I’m going to start by just getting this out of the way: if you’re a dedicated fan of everything death metal, a lover of the old-school Floridian bands, tech-death, blackened death, deathcore, and the various other deathly manifestations of the metal genre, then you’ll almost certainly love Hell Will Come For Us All, the new album by Australian band Aversions Crown. If you’re a death metal purist who’s avoided the band because of their previous dalliances with deathcore and so-called ‘alien-core’ (big no-nos for many of you), I’m relatively confident you’ll still enjoy this LP. If all these terms and labels mean little to you, but you find yourself intrigued by the theatrics implied by a genre with ‘death’ in its name, then you couldn’t have asked for a better entry point to test the waters in 2020 than this album. With their fourth outing, Aversions Crown have crafted eleven conceptually interwoven tracks of brutally precise and catchy death metal that sees them cross a maturity threshold seemingly out of nowhere.
I’m not the biggest death metal fan, although I do spin it from time to time, and I’ve enjoyed Aversions Crown for a while now. Previously, they opted for a sleeker, more digitalized sound than many of their contemporaries, while fundamentally playing the same style of music as the wave of deathcore acts that emerged alongside them back in the early 2010s. Ascending, furious lead work with a vaguely middle-eastern touch, machine gun double bass attacks, and breakdowns were staples of Aversions Crown’s sound. As the band’s sound developed, the vocals in particular widened to include more range, including mid-ranged barks and the rapid fire – almost rapped – growls made famous by Phil Bozeman of Whitechapel. In fact, Aversions Crown sounded to me as though they had lifted the template of their sound from Whitechapel’s “Make It Bleed” and processed it through a spacey tech-death filter. On Hell Will Come For Us All, however, it’s clear they’ve become more ambitious, crafting a work of considerably greater quality.
In retrospect, I should have seen this coming given the album’s cover art. Ditching their usual colorful sci-fi illustrations in favor of a muted, oil-painted demonic nightmarescape, it’s evident the band are going for a different tone this time around. A casual listen doesn’t reveal a huge change to their core sound; it’s still technically proficient, bludgeoning death metal. A closer listen reveals something else…little alterations and experiments that have been applied to the formula, rendering a far grander and more serious result than anything they’ve attempted before. Be it the subtle, chanted cleans on single “Born In The Gutter”, the light-handed choral elements on “Paradigm” and album closer “The Final Judgement”, the tension-building tribal build-ups that call to mind a ritual sacrifice on “Scourge of Violence”, or the occasional atmospheric passages such as the one on “Sorrow Never Sleeps” – the changes suggest a different attitude, rather than a complete overhaul of the band’s sound.
It seems my observations reflect a conscious decision taken by the band. Reflecting on the tone and nature of the songs, guitarist Mick Jeffery had this to say in a discussion with HEAVY magazine: ‘I think the songs are… and I know everybody always says it…but I genuinely feel the songs have matured. There’s a lot more structure; a lot more hooks in amongst all of the brutality. It’s more polished and the songs complement each other as well.’
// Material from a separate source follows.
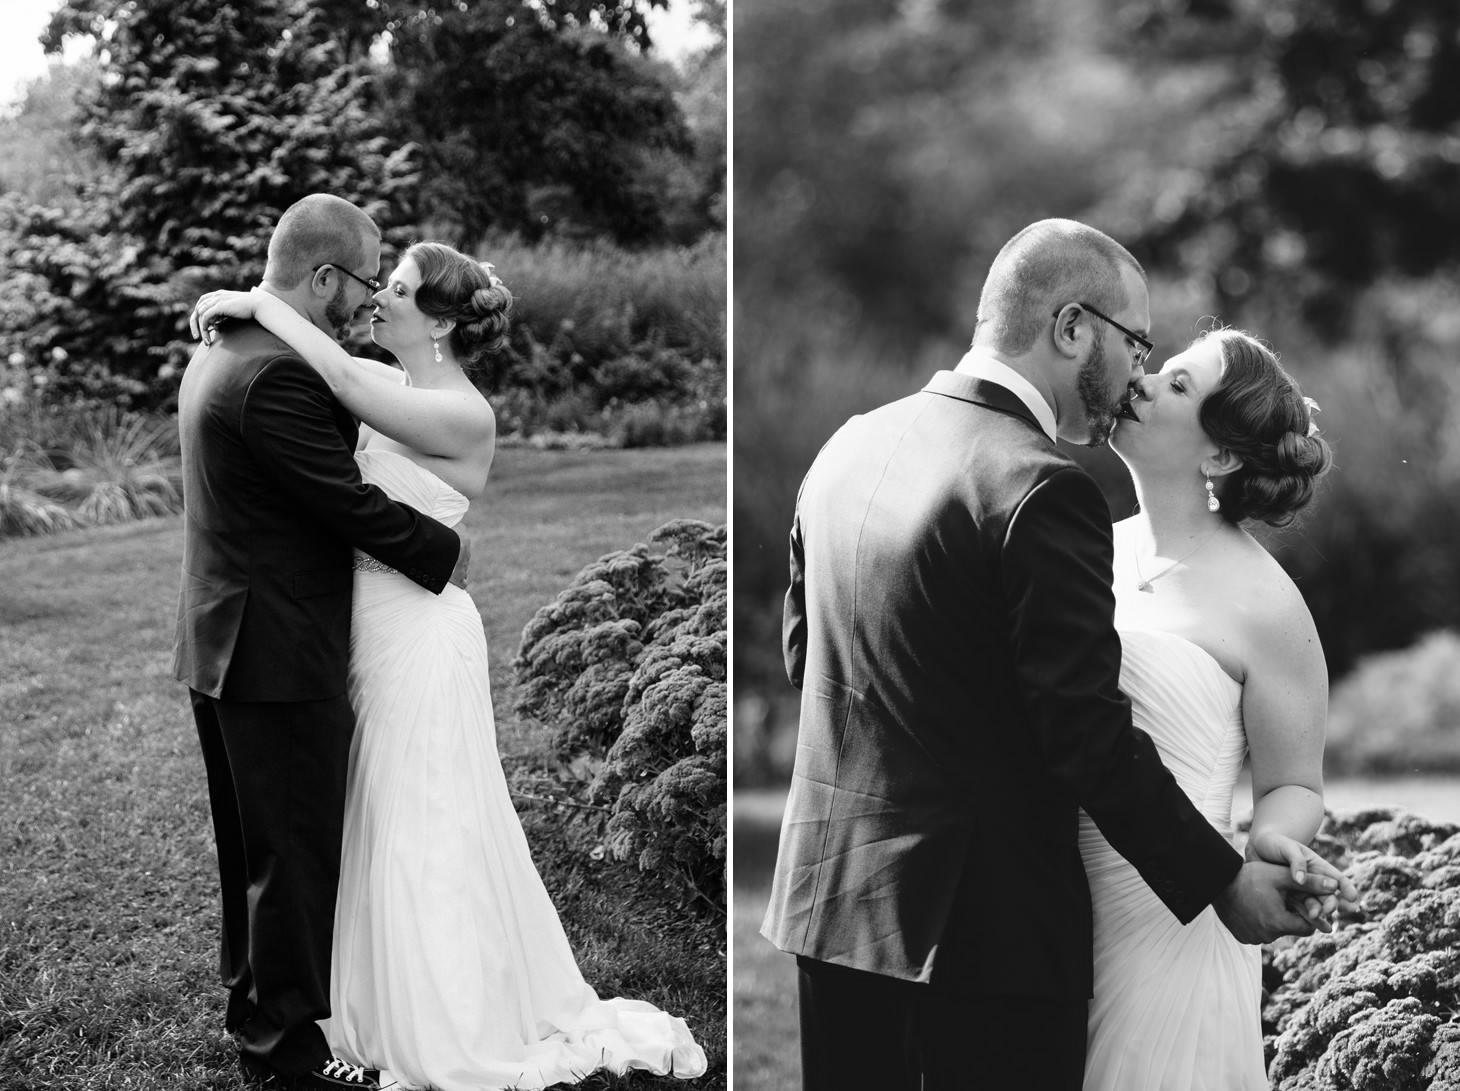 022-nyc-wedding-photographer-nj-nerdy-dr-who-firehouse-wedding-smitten-chickens.jpg

He’s not wrong. Aversions Crown have always been technically proficient, but this time it felt like the arrangements were put front and center. The production sounds less processed, fuller bodied, and more ‘organic’ (courtesy of producer Will Putney, who really knows how to make things sound big). The breakdowns, while still there, take a backseat to the songwriting; the vocals are truly ferocious, and glide across a variety of ranges seamlessly. I’ll admit that during my first dedicated listen, I didn’t realize that the album was the band’s first to feature Tyler Miller on vocals. For what it’s worth, I did note down during my listen that the vocals sounded bigger and better than ever. Miller is a beast, and truly complements the band as their new vocalist.
I’ve noted a lukewarm reaction from many longtime fans towards the two singles released off the album, citing a shift away from the spacey sound of old towards something more closely resembling Thy Art Is Murder and Fit For An Autopsy. Although the comparisons are fair, I believe that as a complete body of work Aversions Crown maintain their signature style, namely the blisteringly unreal drumming, urgent middle-eastern-inspired lead work, and rapid-fire vocal delivery. If you’re a skeptical fan, I do advise giving the whole album a go before making up your mind.
I’m usually won over by artists who excel at aligning their execution with their vision, and in this case, Aversions Crown have smashed it. They set out to mature and focus more on their arrangements, and in doing so succeeded in elevating themselves from a proficient scene band to serious modern death metal contenders with no other challengers this year so far. If you were hoping for a massive reworking of their sound or a thrilling death metal boundary pusher akin to what Rivers of Nihil accomplished with Where The Owls Know My Name, you will be disappointed. If you’re looking for a top-notch – albeit vanilla – death metal album with shades of hardcore (either as a fan of the genre, or someone looking to broaden their musical horizons), then Hell Will Come For Us All delivers many times over.